● **What is expected**:
Would you retype the listing below word for word, without any of its pictures?

● **Data below**:
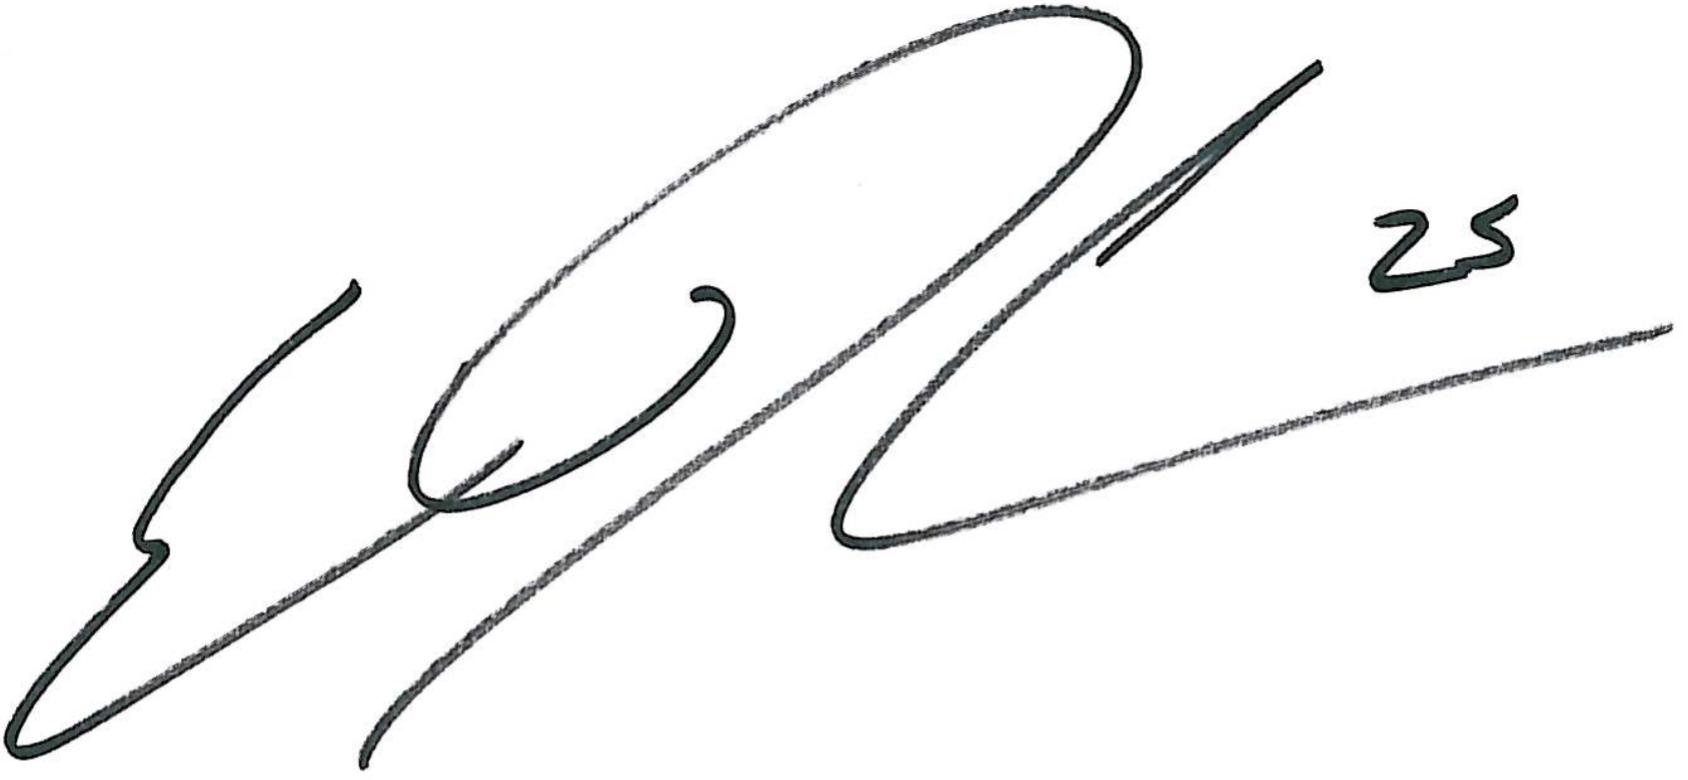 Erik Dahlin, signatur
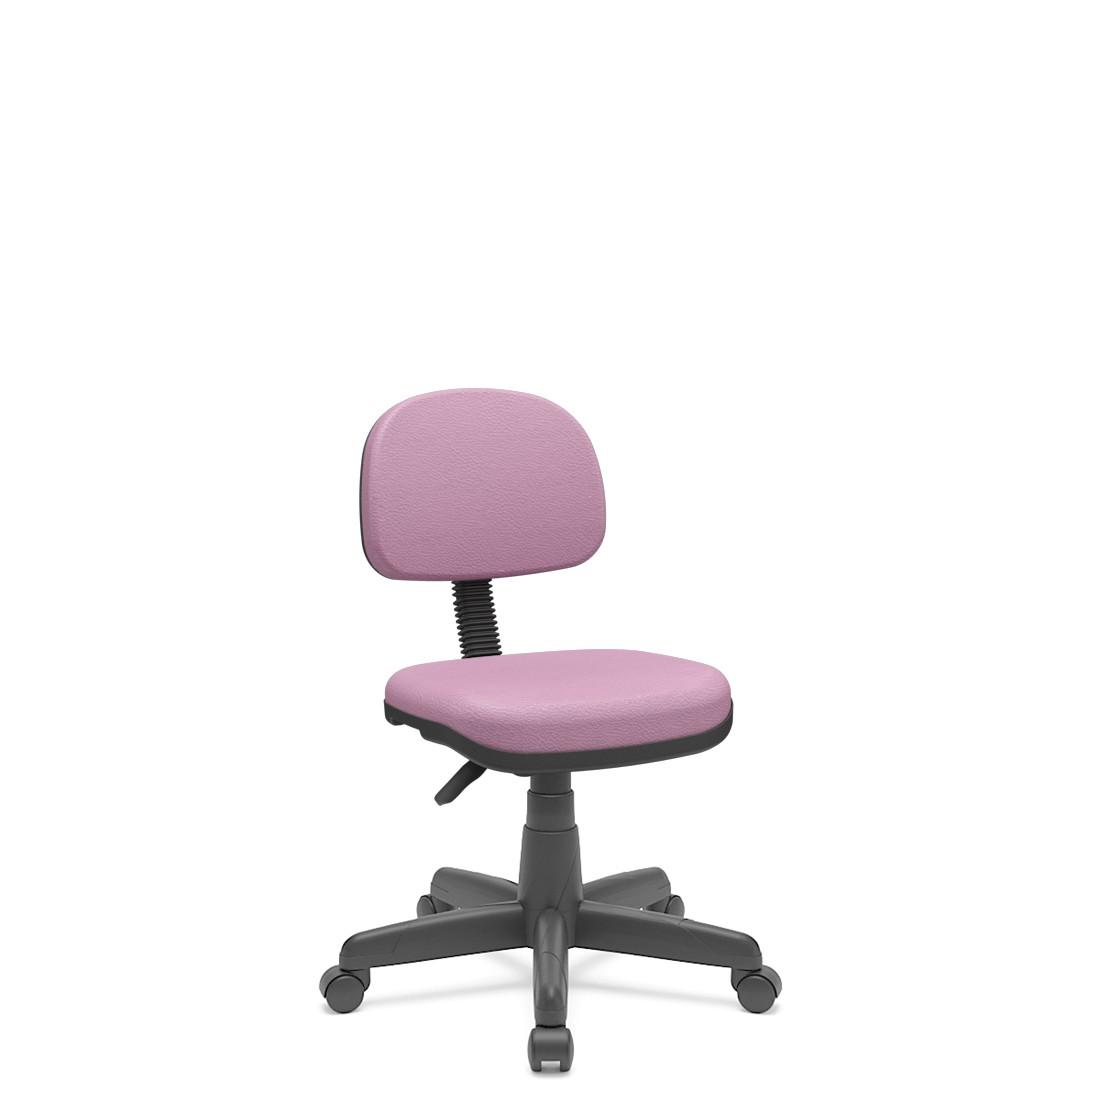 Cadeira Secretária Giratória Em couro ecológico Com Base Preta Plaxmetal - Lilas
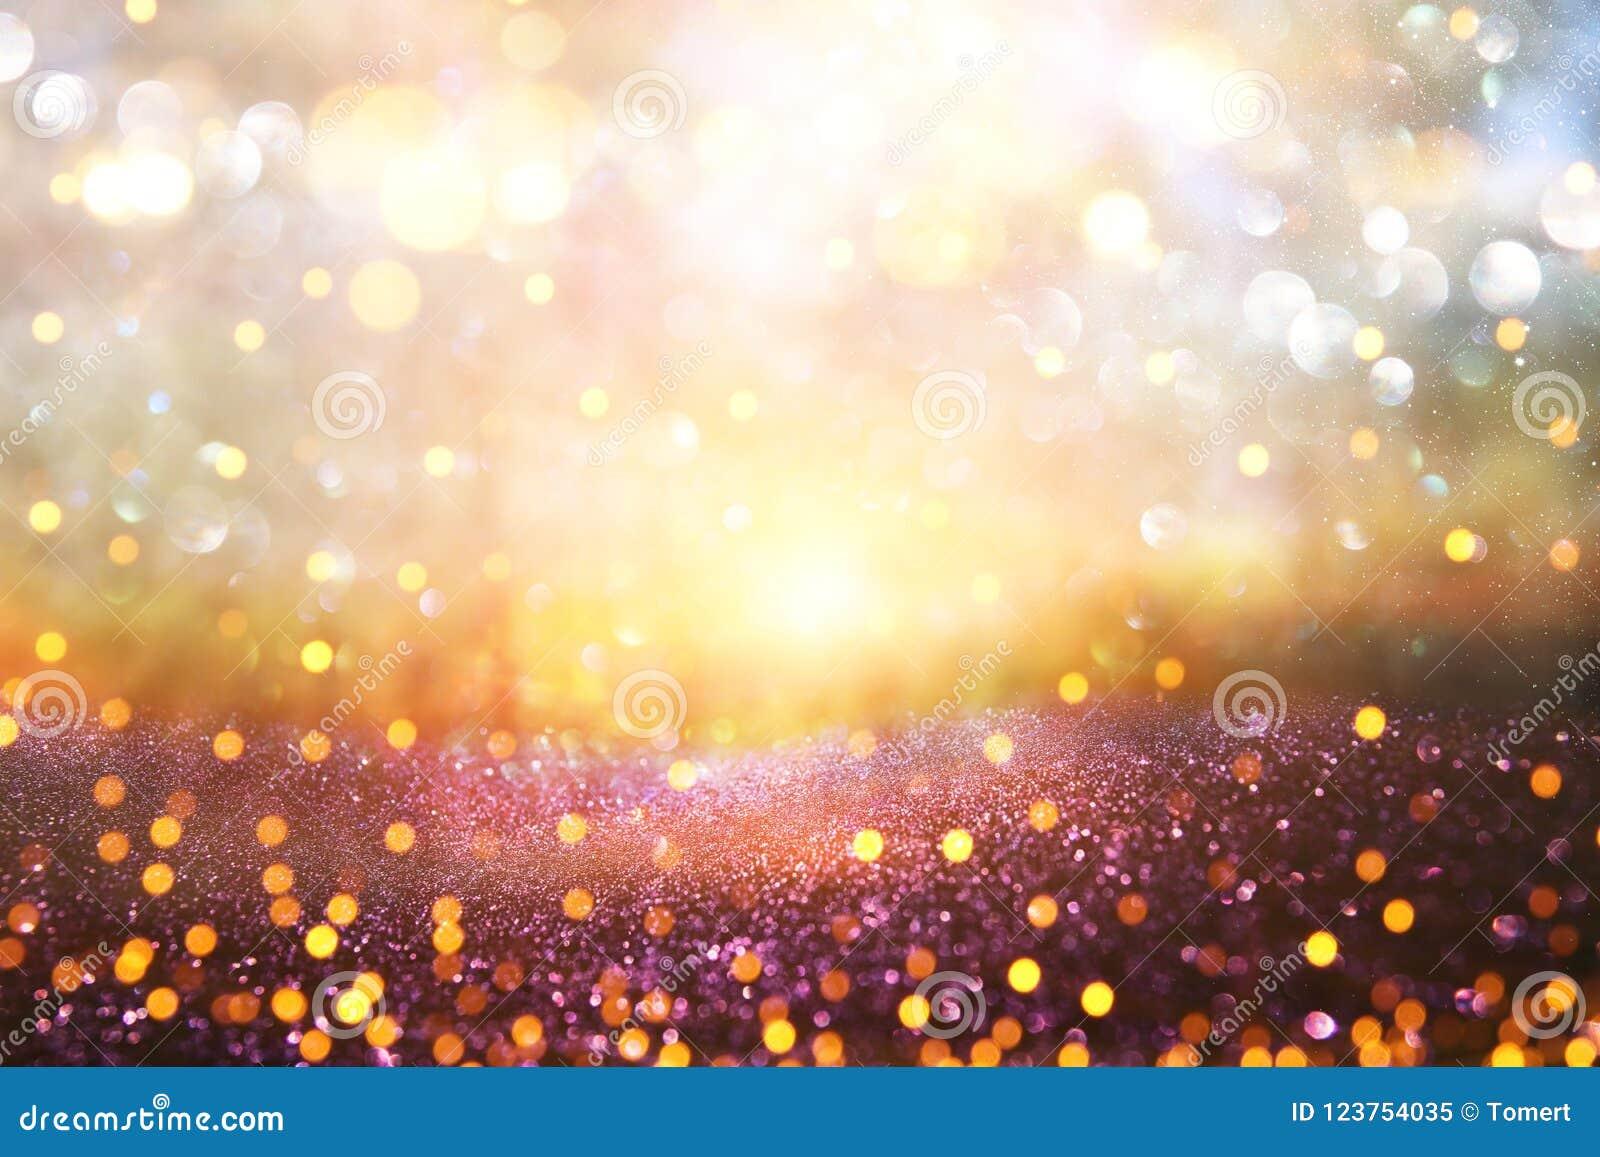 Запачканное абстрактное фото взрыва света среди деревьев и яркий блеск идут
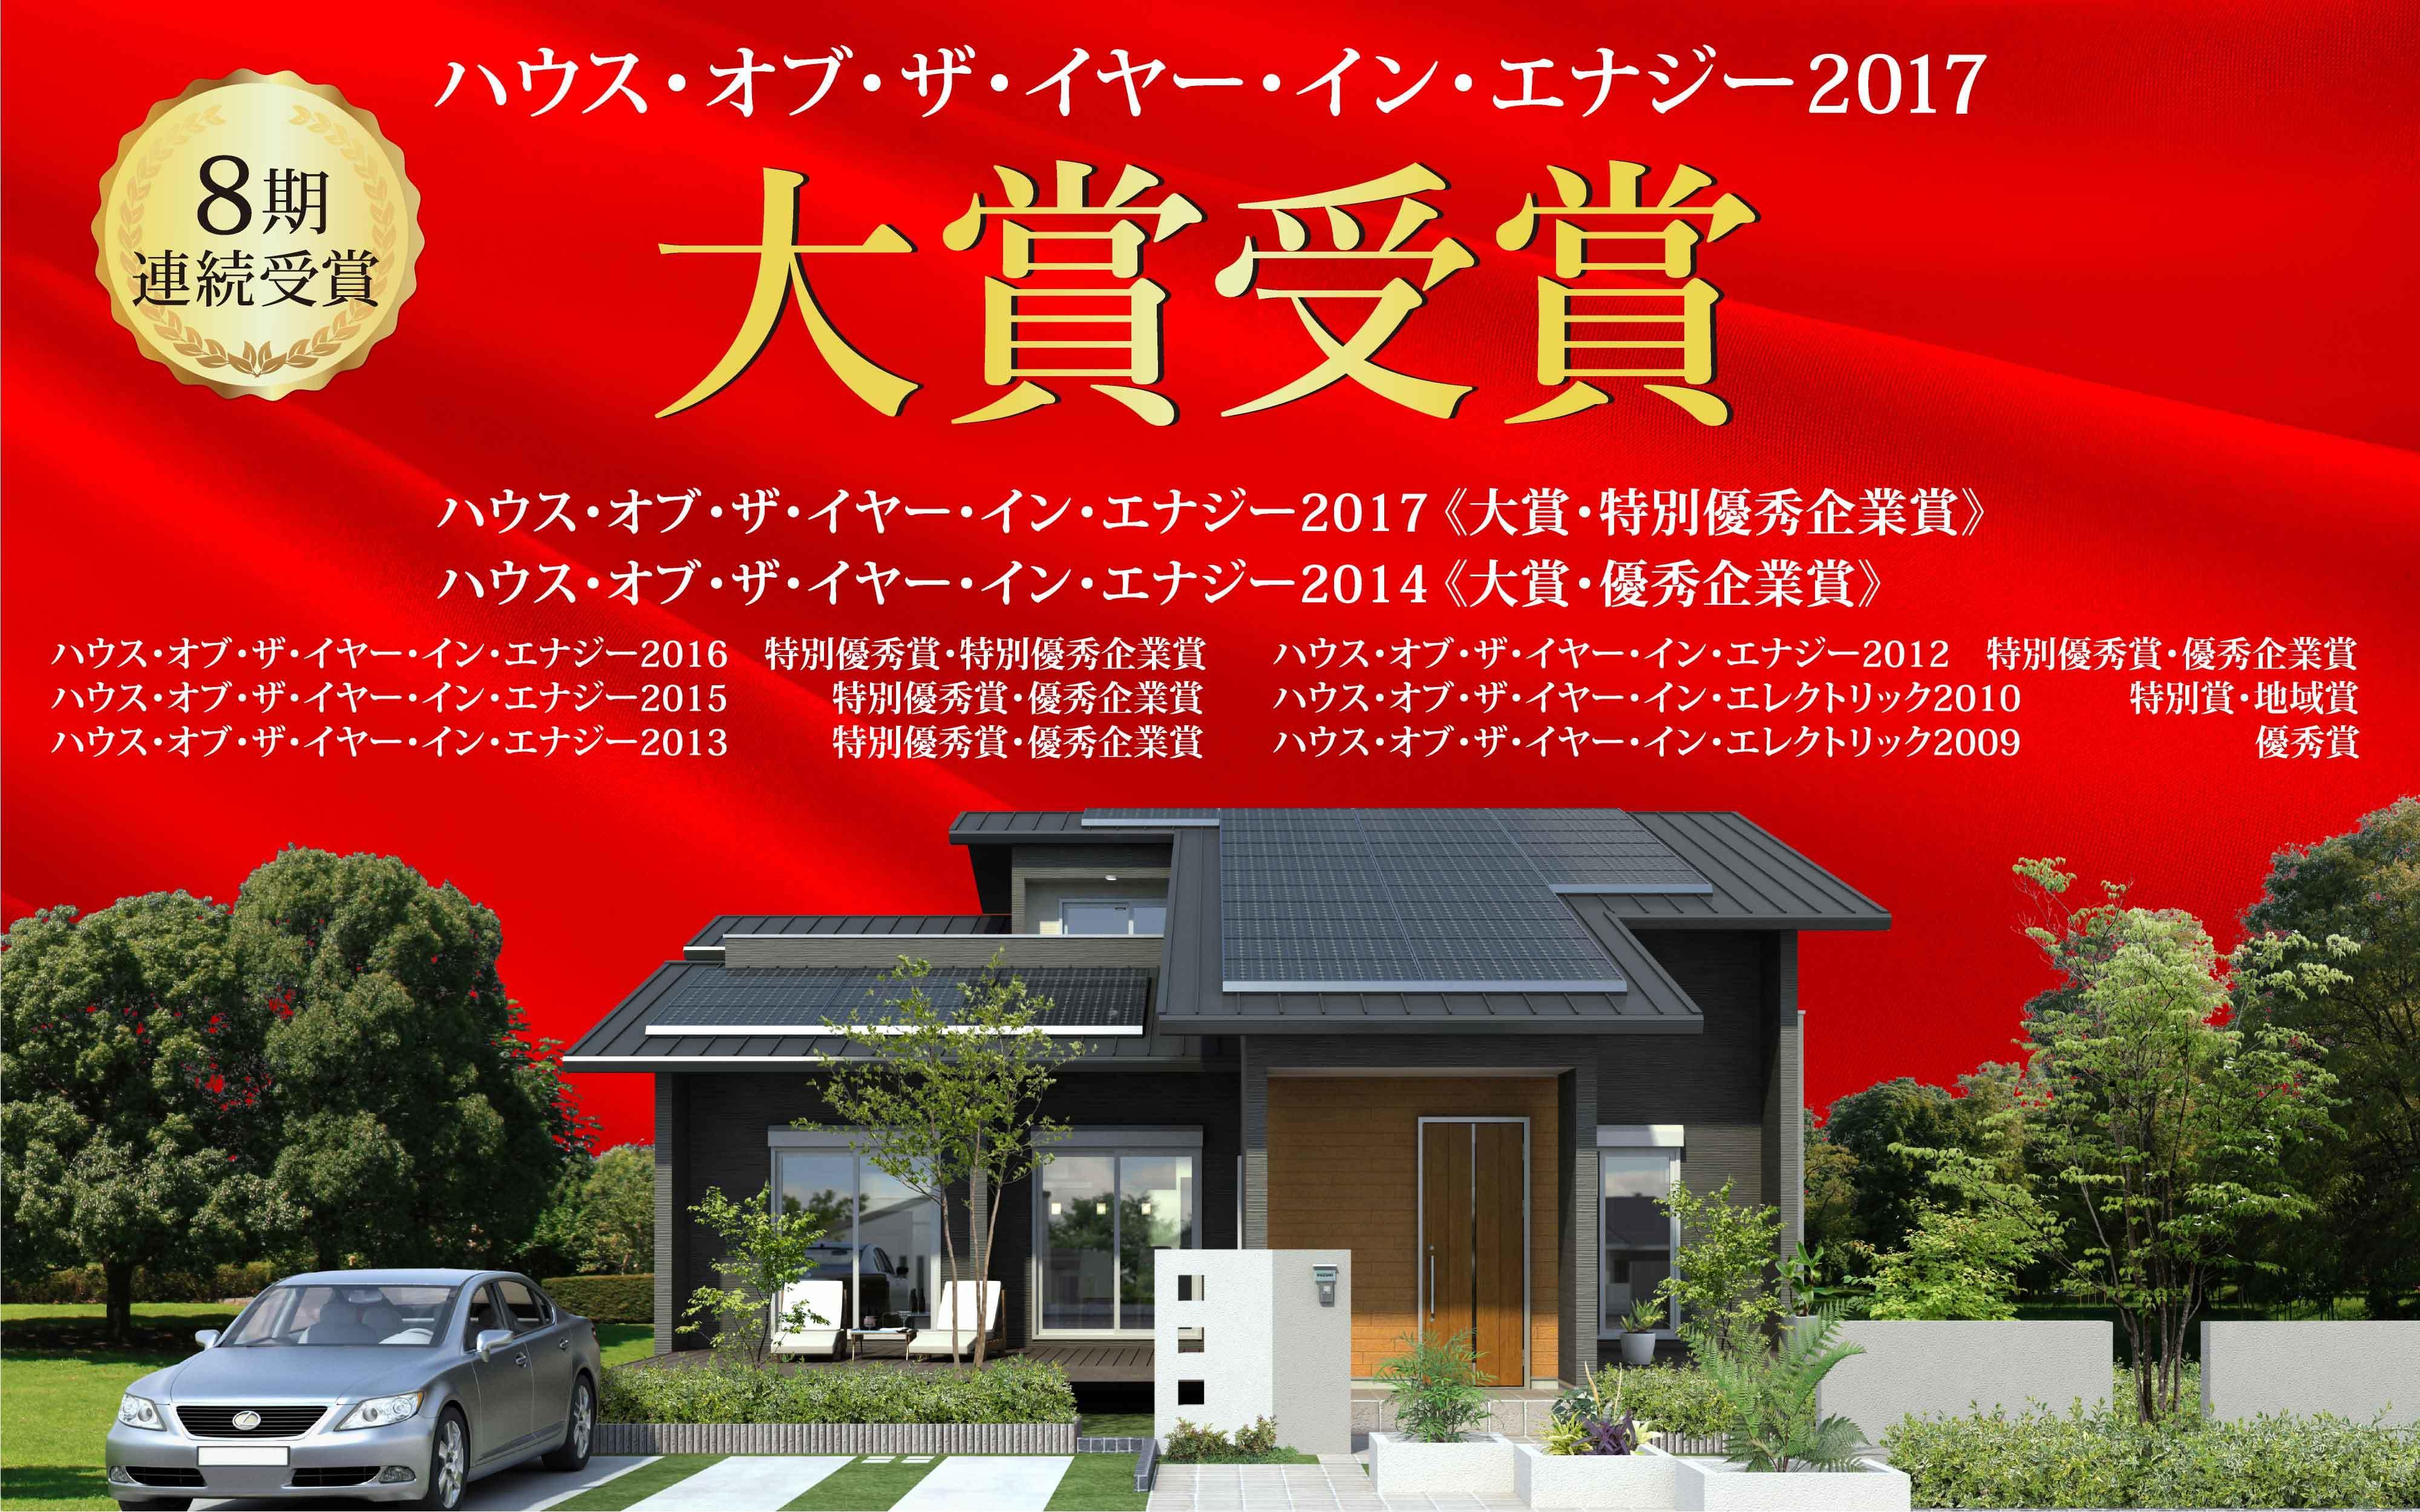 2017大賞受賞

● **Finished task**:
 Erik Dahlin, signatur
 Cadeira Secretária Giratória Em couro ecológico Com Base Preta Plaxmetal - Lilas
 Запачканное абстрактное фото взрыва света среди деревьев и яркий блеск идут
 2017大賞受賞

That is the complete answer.